## Work to complete
The pictures in the listing below are to be skipped, while the lines between the line holding "Amstelveenz magazine mei" and the line holding "A conceptual image", inclusive, are to be output exactly.

## Listed records

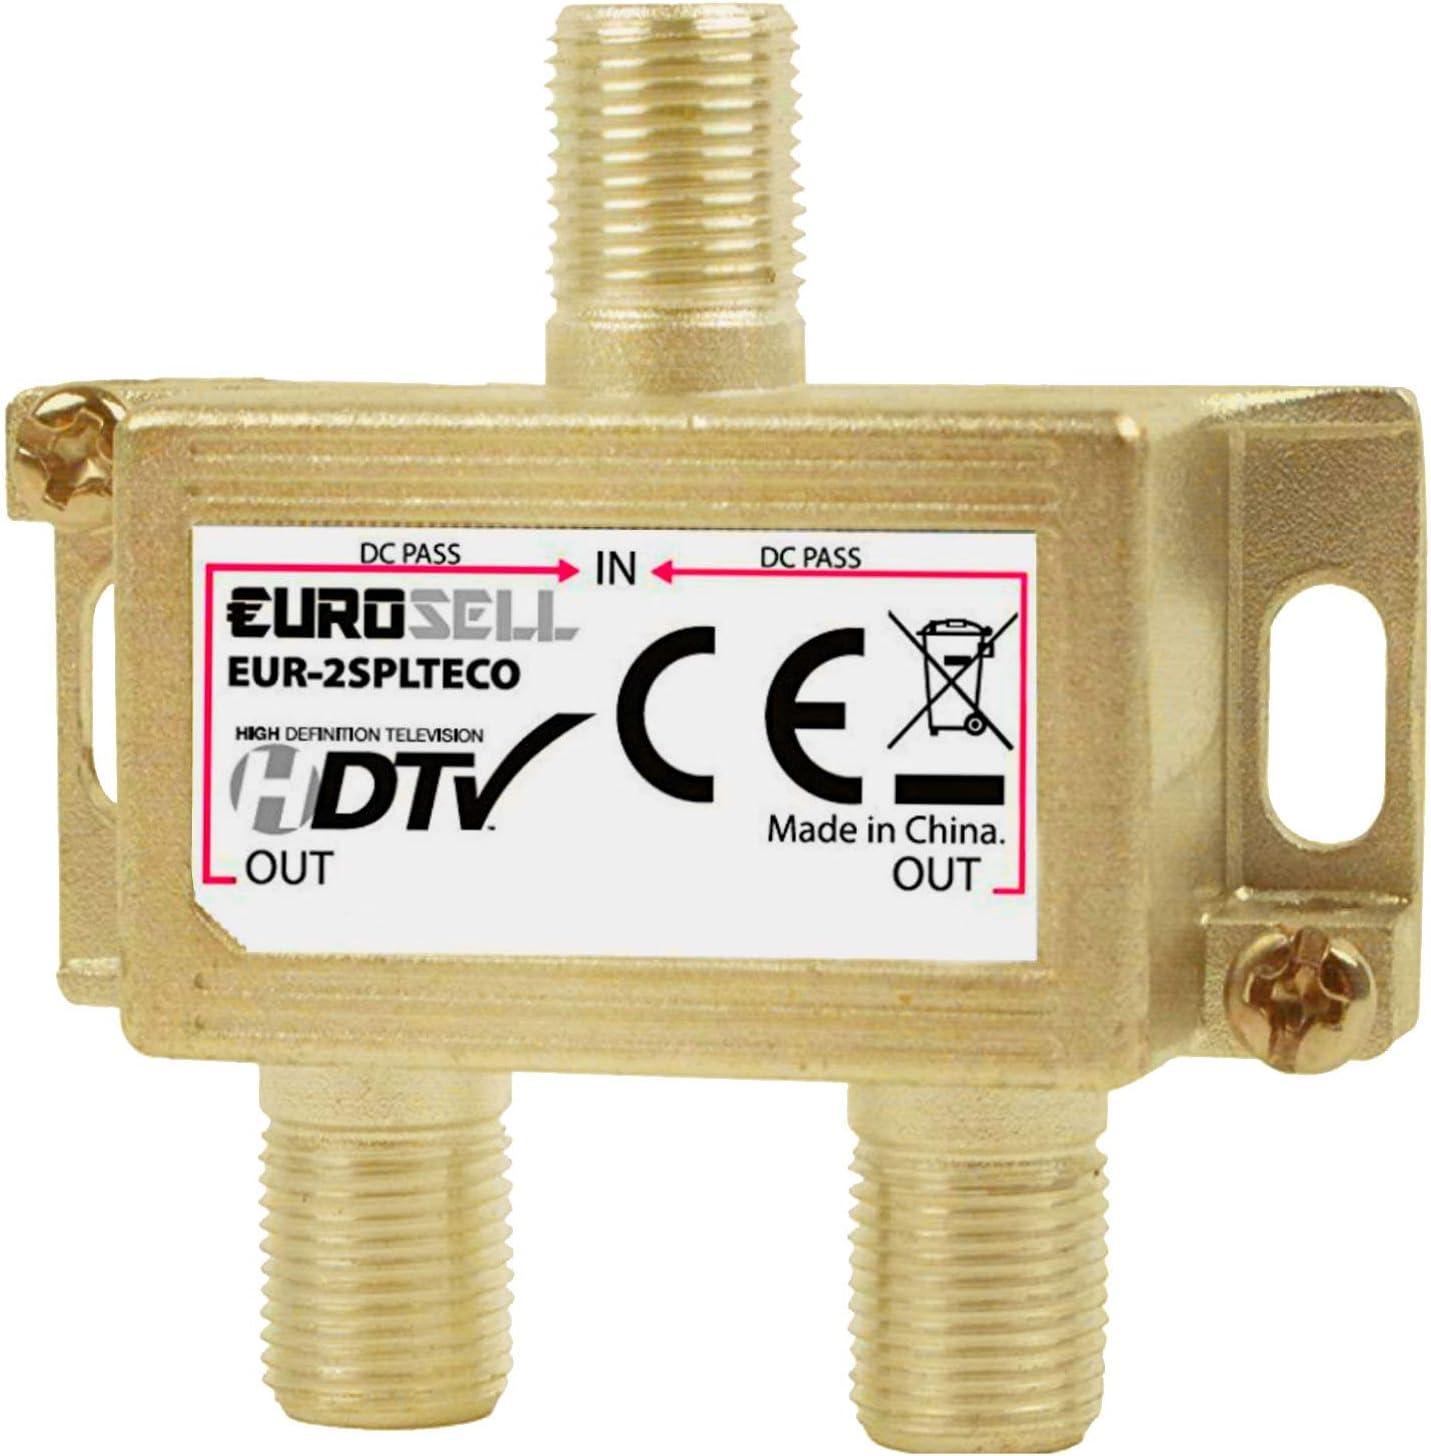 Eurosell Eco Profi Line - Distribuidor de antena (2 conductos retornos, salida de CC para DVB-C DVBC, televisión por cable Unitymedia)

---

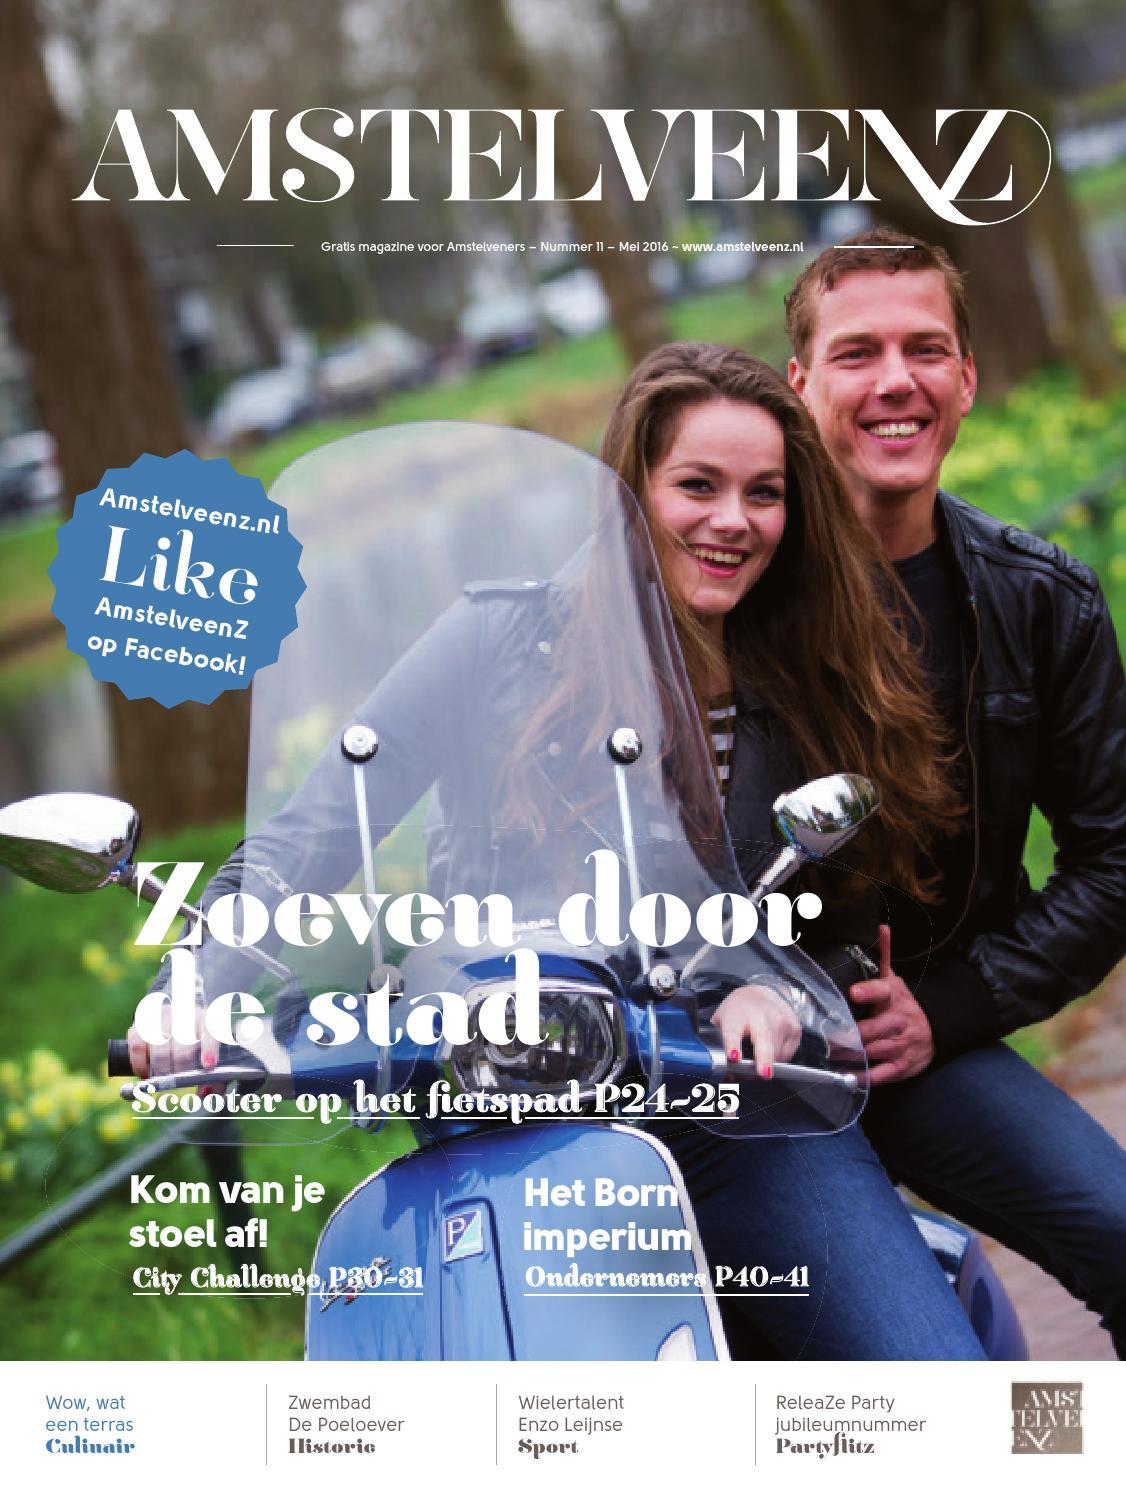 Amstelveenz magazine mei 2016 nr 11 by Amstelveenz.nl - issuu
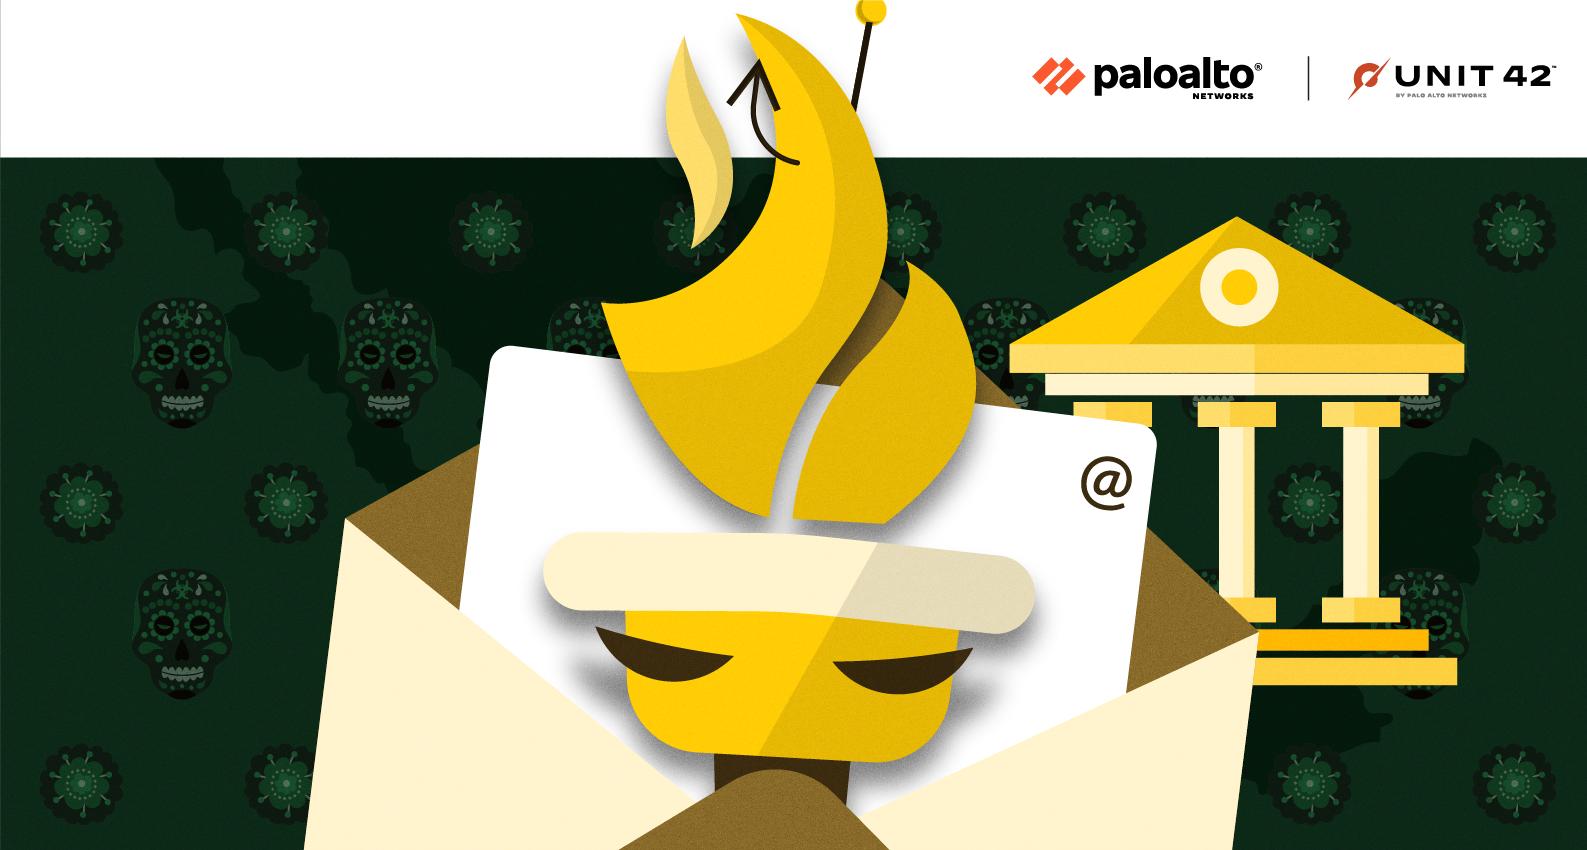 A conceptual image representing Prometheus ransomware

## The completed task
 Amstelveenz magazine mei 2016 nr 11 by Amstelveenz.nl - issuu
 A conceptual image representing Prometheus ransomware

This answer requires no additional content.